Separately, DR 6-101(A) provides that an attorney must handle a matter competently and with adequate preparation: “A lawyer shall not: 1. Handle a legal matter which the lawyer believes or should know that he or she is not competent to handle, without associating with a lawyer who is competent to handle it” and “2. Handle a legal matter without preparation adequate in the circumstances.”(2)

There is no reason to believe that retired attorneys are less conscientious than other members of the Bar about conforming their conduct to the Code. Thus, there is no need for any special requirement that a retired attorney reflexively disclose to every client or prospective client that the retired attorney cannot charge a fee or is exempt from CLE requirements. Furthermore, with respect to CLE, DR 6-101(A) nonetheless applies with full force to retired attorneys, who must – regardless of any CLE exemption – handle the matters that they undertake competently and with adequate preparation. To that end, retired lawyers who practice would be well advised to maintain their skill and knowledge, whether through CLE programs, self-study, or otherwise.

Conclusion:

Attorneys who are retired from the practice of law (a) may use professional letterhead; (b) may, but are not required to, disclose on that letterhead that they are retired; and (c) are not obligated to specially disclose to clients or prospective clients that they (i) may not charge a fee or (ii) are exempt from the CLE requirements that are mandatory for all other New York attorneys.

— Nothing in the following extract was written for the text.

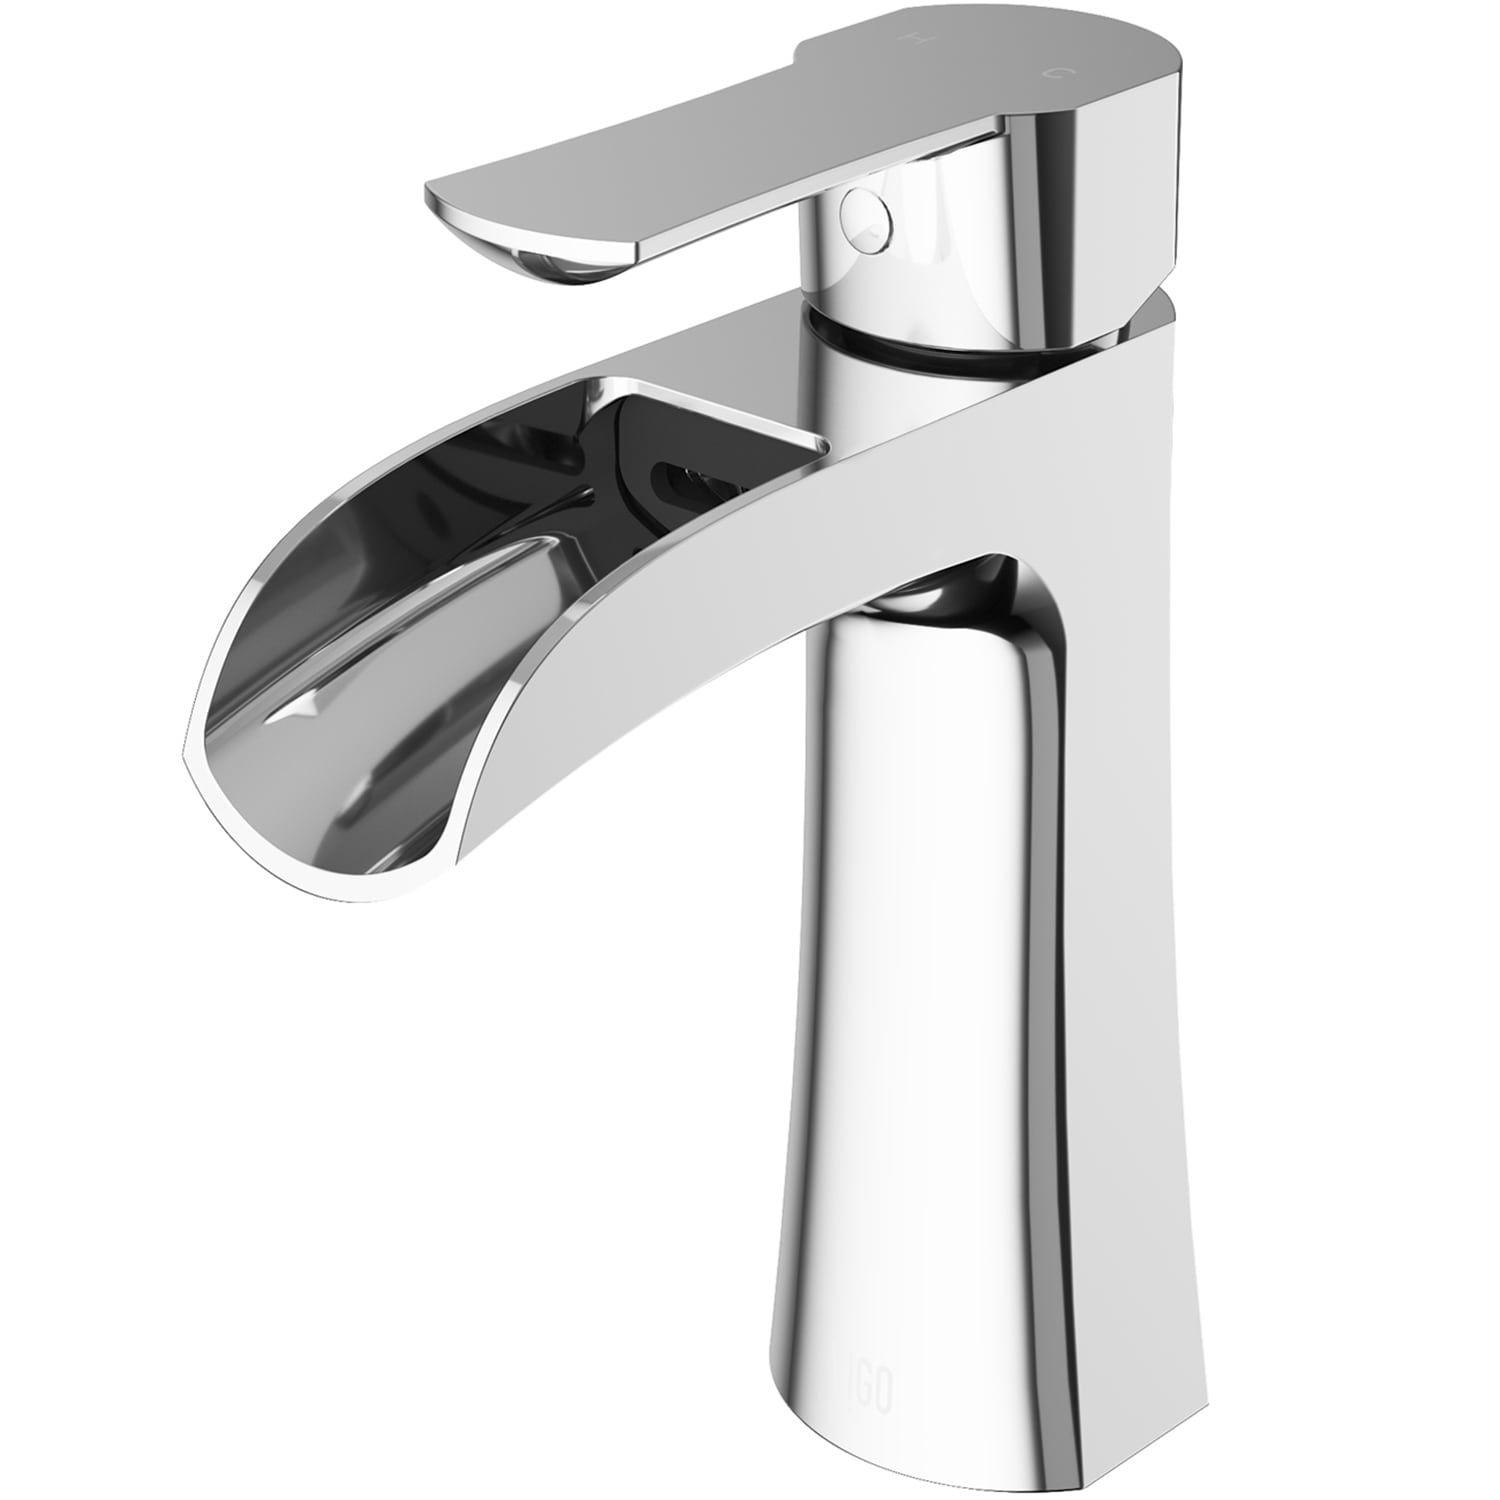 生活家電 調理機器 Paloma Bathroom Sink Faucets at Lowes.com

1. See, e.g., UT Eth. Op. 00-02, 2000 WL 347377 (Utah St.Bar) (“In all jurisdictions surveyed by the Committee for purposes of this opinion, lawyers on inactive status are precluded from engaging in the practice of law”); OH Adv. Op. 92-4, 1992 WL 739414 (Ohio Bd.Com.Griev.Disp.) (“[A]n attorney granted ‘inactive’ or ‘retired’ registration status shall not be entitled to practice law in Ohio . . . The language of the current rule sweeps broadly with a restrictive intent . . . [A]ttorneys with ‘inactive’ or ‘retired’ registration status may not perform the duties [even] of a paralegal or student law clerk because of the express requirement of the Supreme Court of Ohio that these attorneys [also] may not ‘render any legal service for an attorney granted active status.’”); People v. Newman, 925 P.2d 783, 784 (Colo. 1996) (lawyer publicly censured for inter alia implying “that he was licensed to practice law in Colorado even though he was on inactive status”).

2. See also EC 6-1 (“The lawyer should strive to become and remain proficient in his or her practice and should accept employment only in matters which he or she is or intends to become competent to handle.”); EC 6-2 (“A lawyer is aided in attaining and maintaining competence by keeping abreast of current legal literature and developments, participating in continuing legal education programs, concentrating in particular areas of the law, and by utilizing other available means.”).